--- TASK TO COMPLETE ---
The lines to retype run from the one containing "nanuk padded divider" through the end of the listing below. Reproduce them exactly, leaving out pictures.

--- DATA EXCERPT ---
---------------
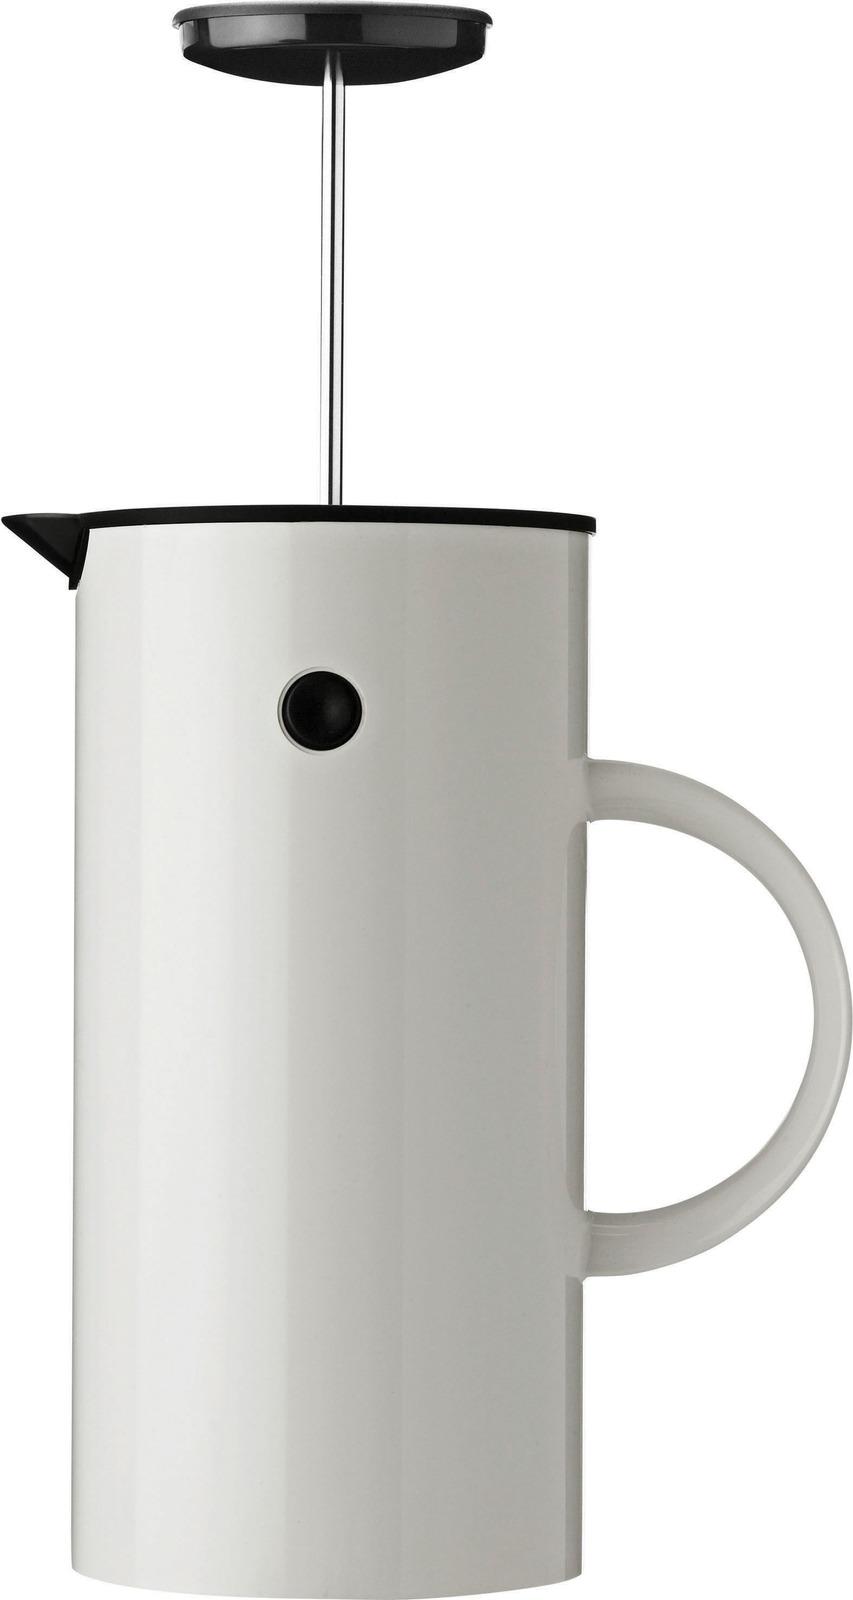 Объем 1 л. С помощью френч-пресса EM можно приготовить до 8 чашек кофе. Двойные стенки позволят кофе во френч-прессе оставаться горячим на протяжении длительного времени. Кофе для френч-пресса должен быть крупного помола, воду лучше использовать фильтрованную. Перед тем как начать заваривать кофе, френч-пресс нужно прогреть, чтобы не было резкого перепада температур и кофе заваривался равномерно: залить в него горячую воду, перемешать и вылить. После чего насыпать 17 граммов кофе, залить сначала 60 миллилитров воды, несколько раз перемешать и оставить на 30 секунд. Предварительно добавлять воду нужно для того, чтобы вкус раскрылся более полно. Затем добавить 200 миллилитров воды и засечь 5 минут 30 секунд. За это время сверху образуется корочка, которую можно снять: она придаёт дополнительную горечь. Перемешайте и продавите френч-прессом. Наливайте кофе  в прогретую чашку, чтобы избежать перепада температур.
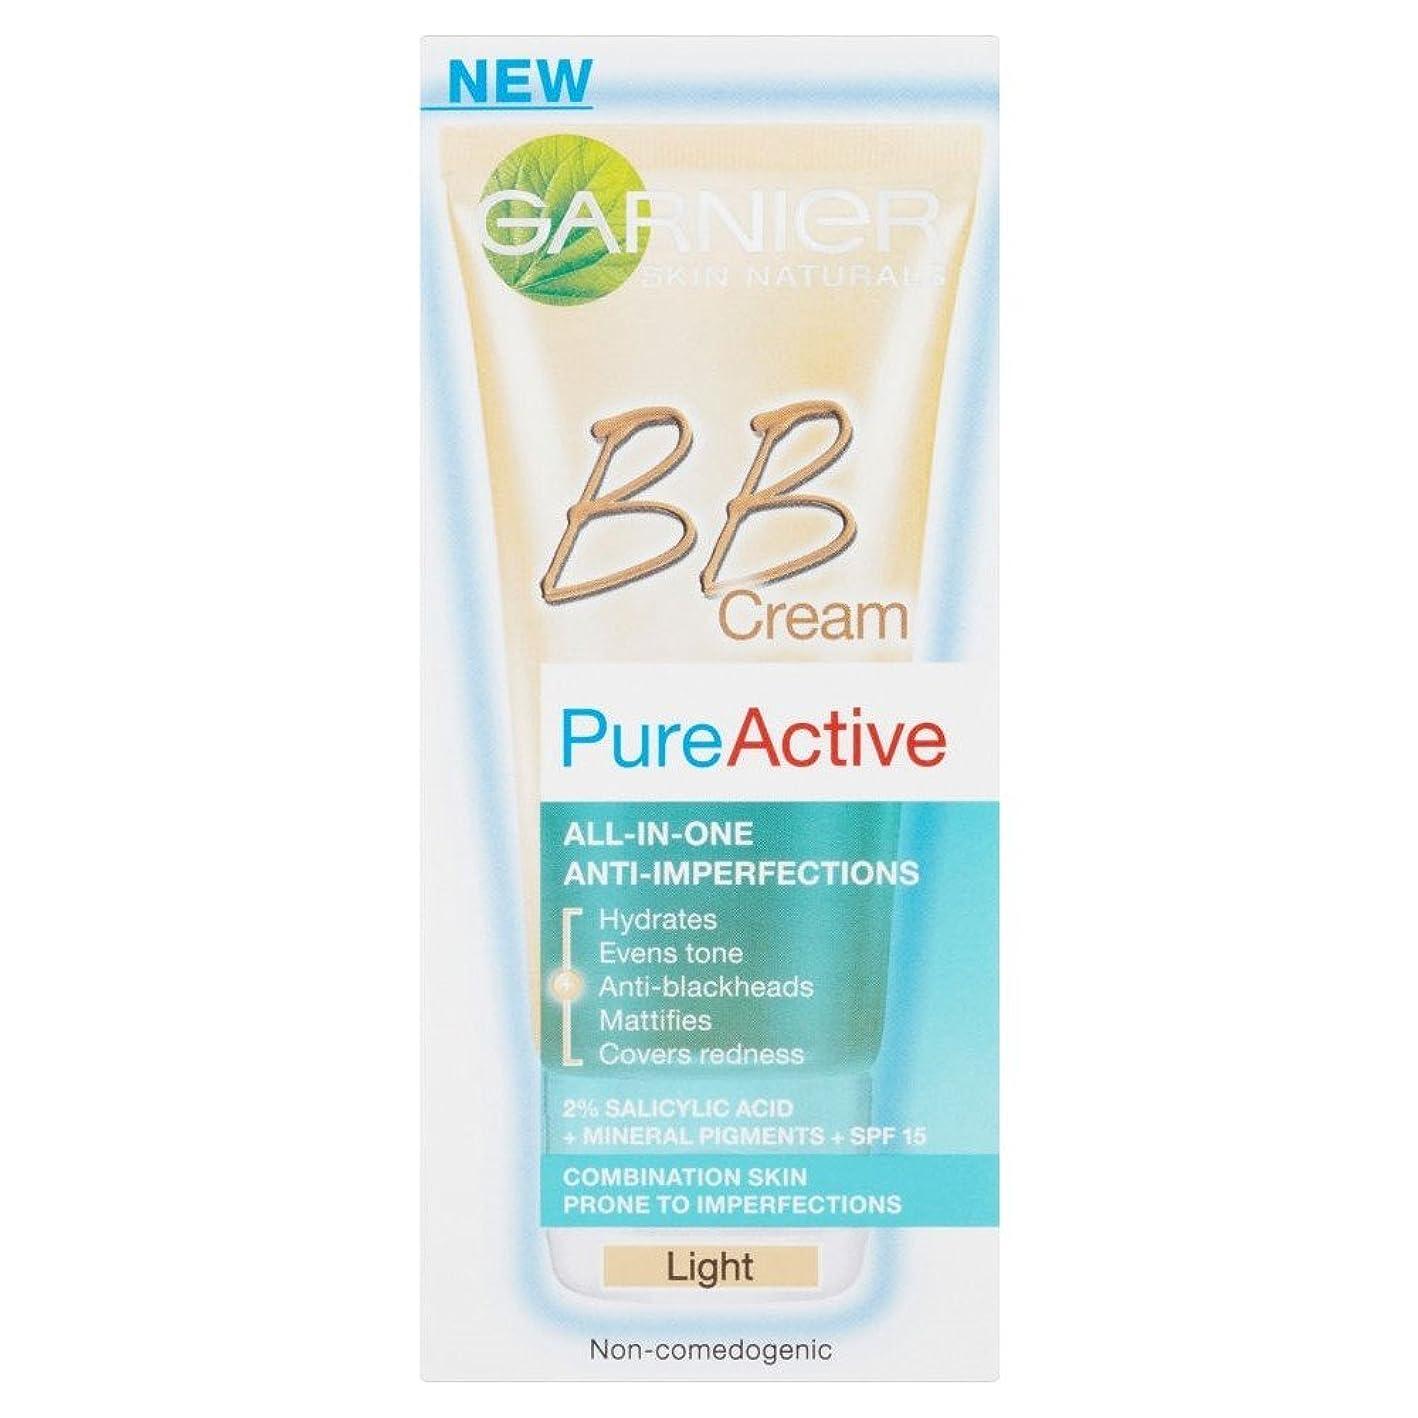 気づくペネロペ感染するGarnier Pure Active BB Cream - Light (50ml) ガルニエ純粋な活性bbクリーム - 光( 50ミリリットル) [並行輸入品]
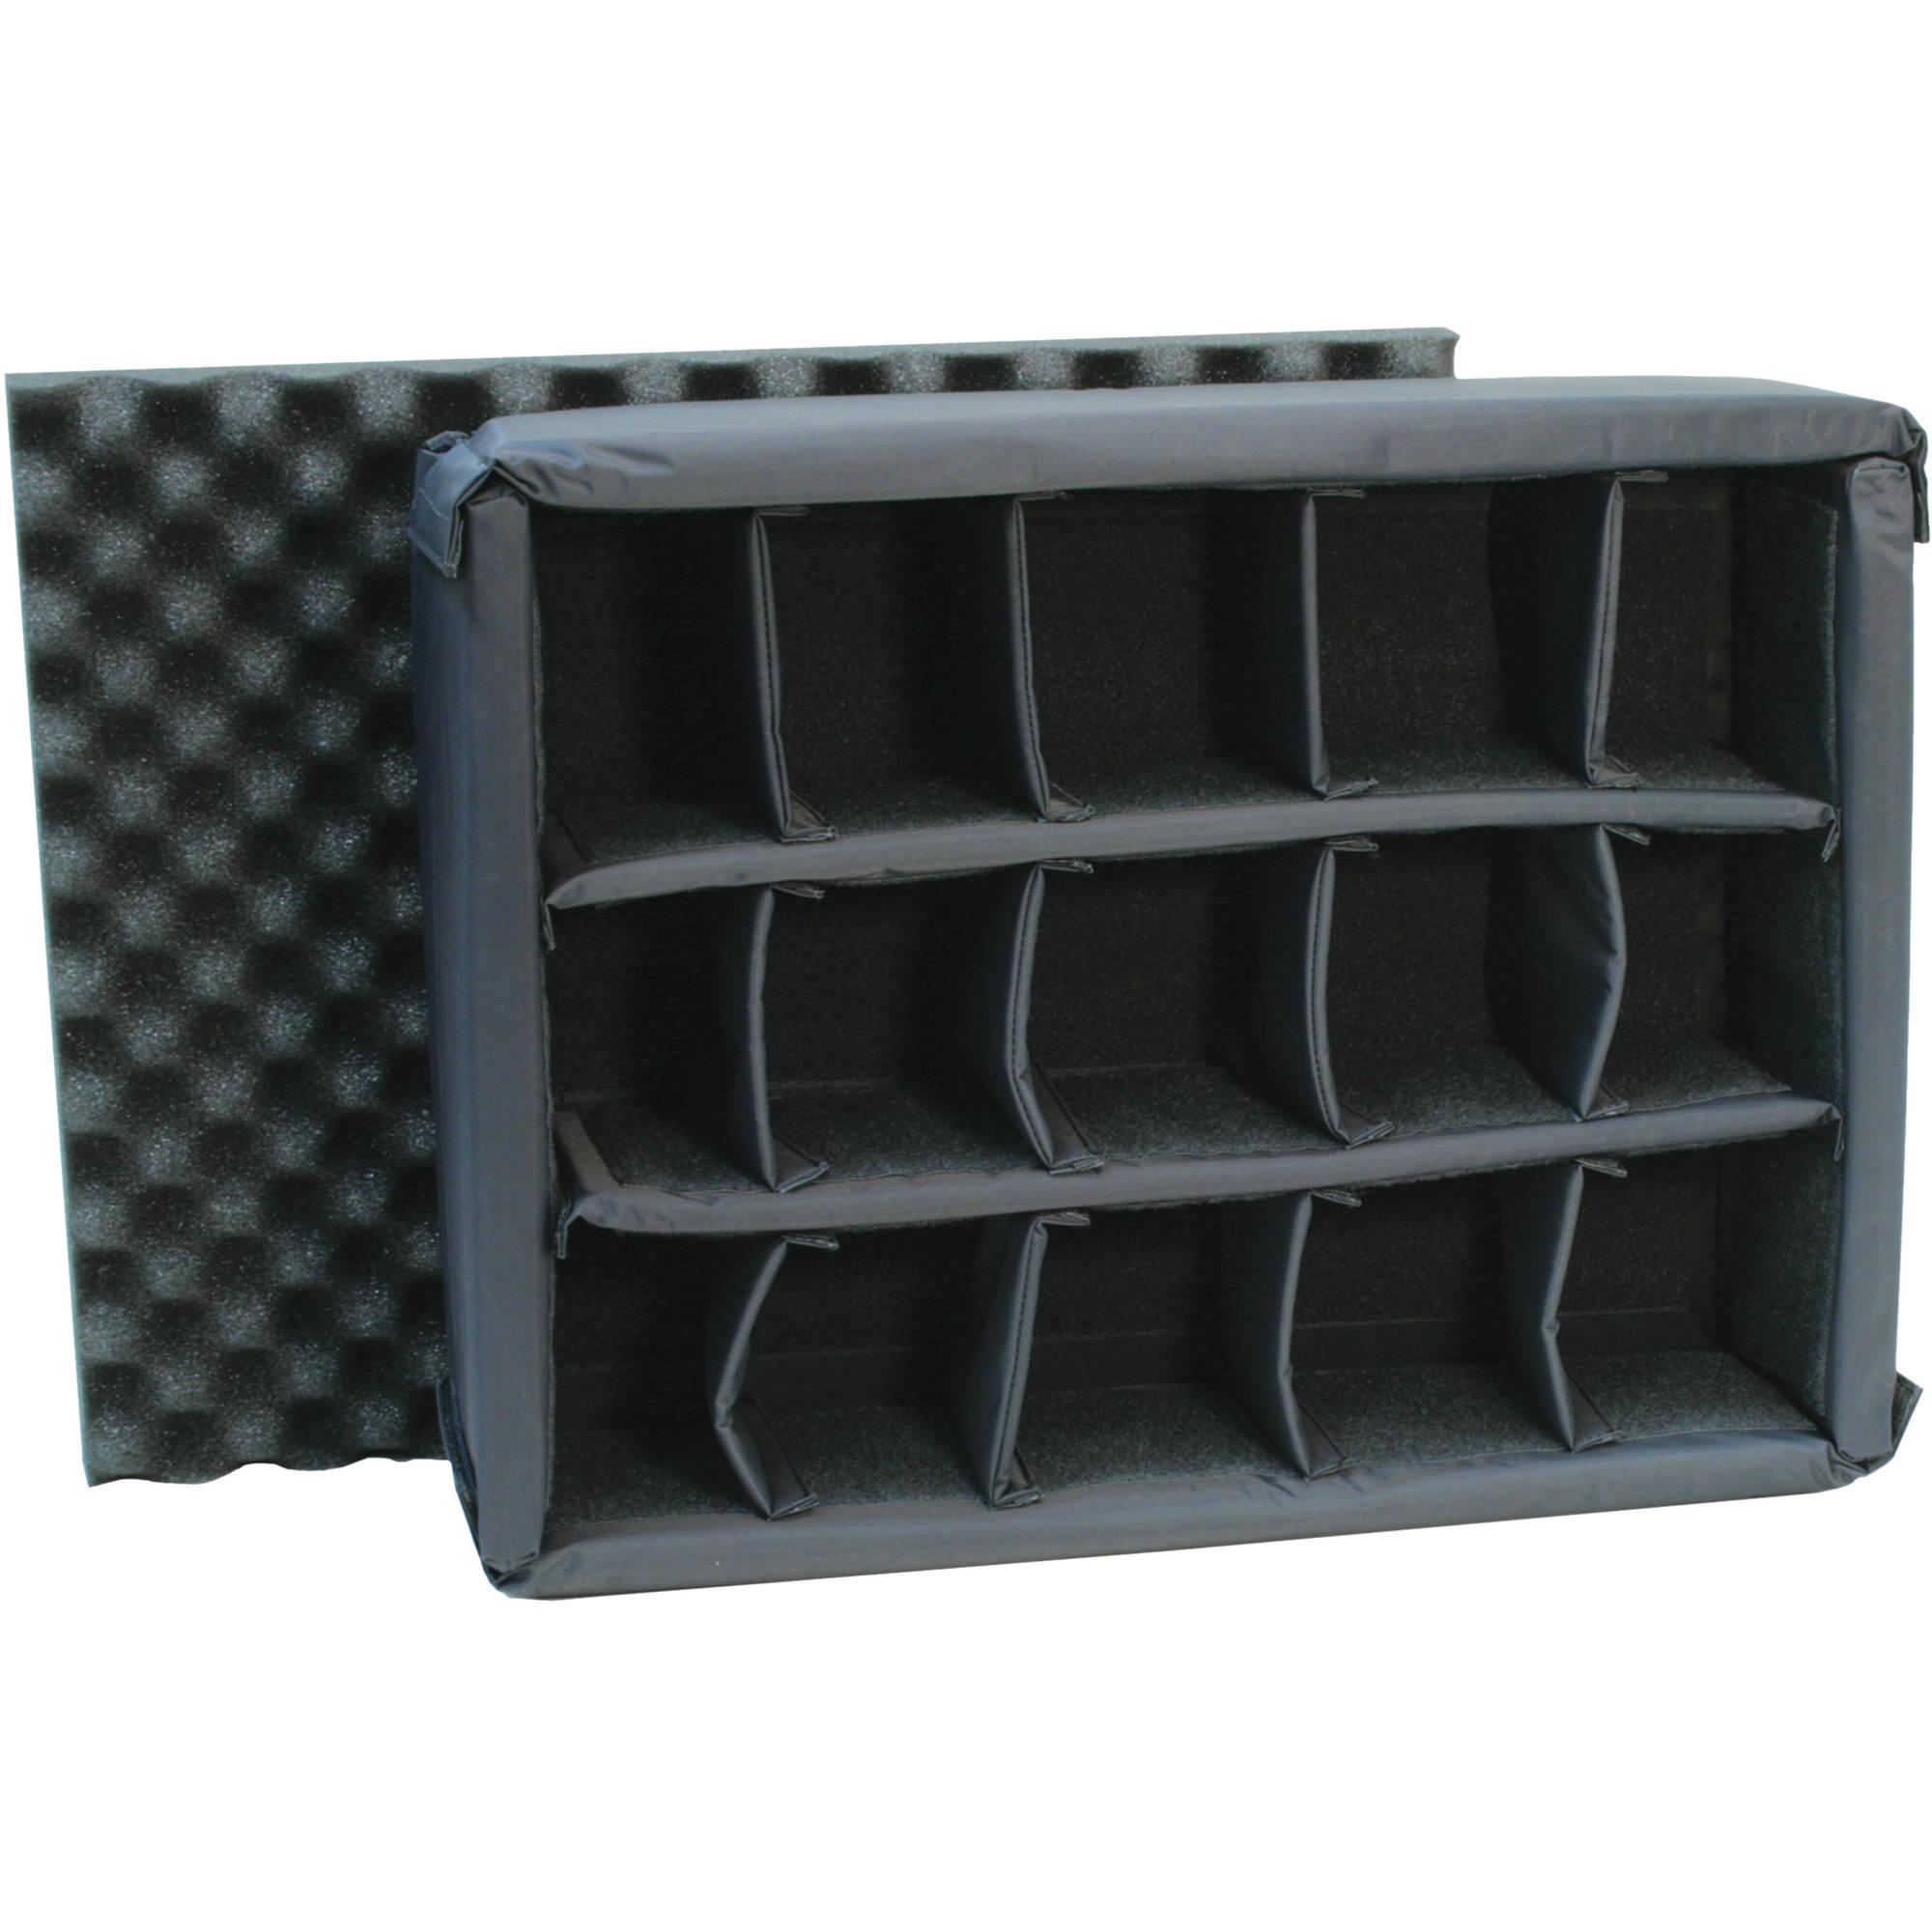 nanuk padded divider insert for 945 case 945 divi b h photo
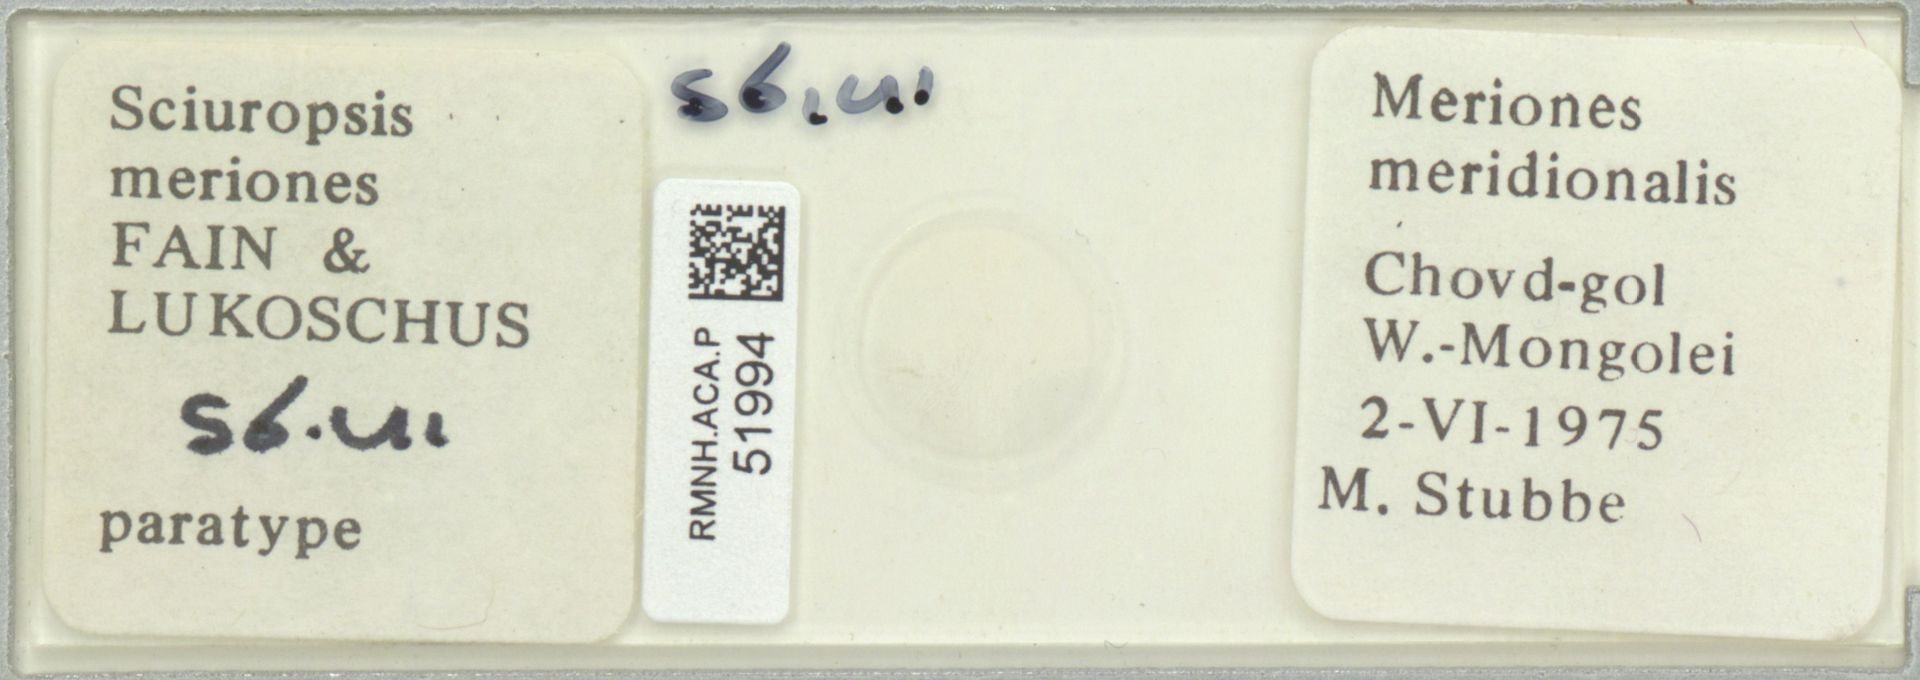 RMNH.ACA.P.51994   Sciuropsis meriones Fain & Lukoschus
---------------
--- REPLY ---
 nanuk padded divider insert for 945 case 945 divi b h photo
 RMNH.ACA.P.51994   Sciuropsis meriones Fain & Lukoschus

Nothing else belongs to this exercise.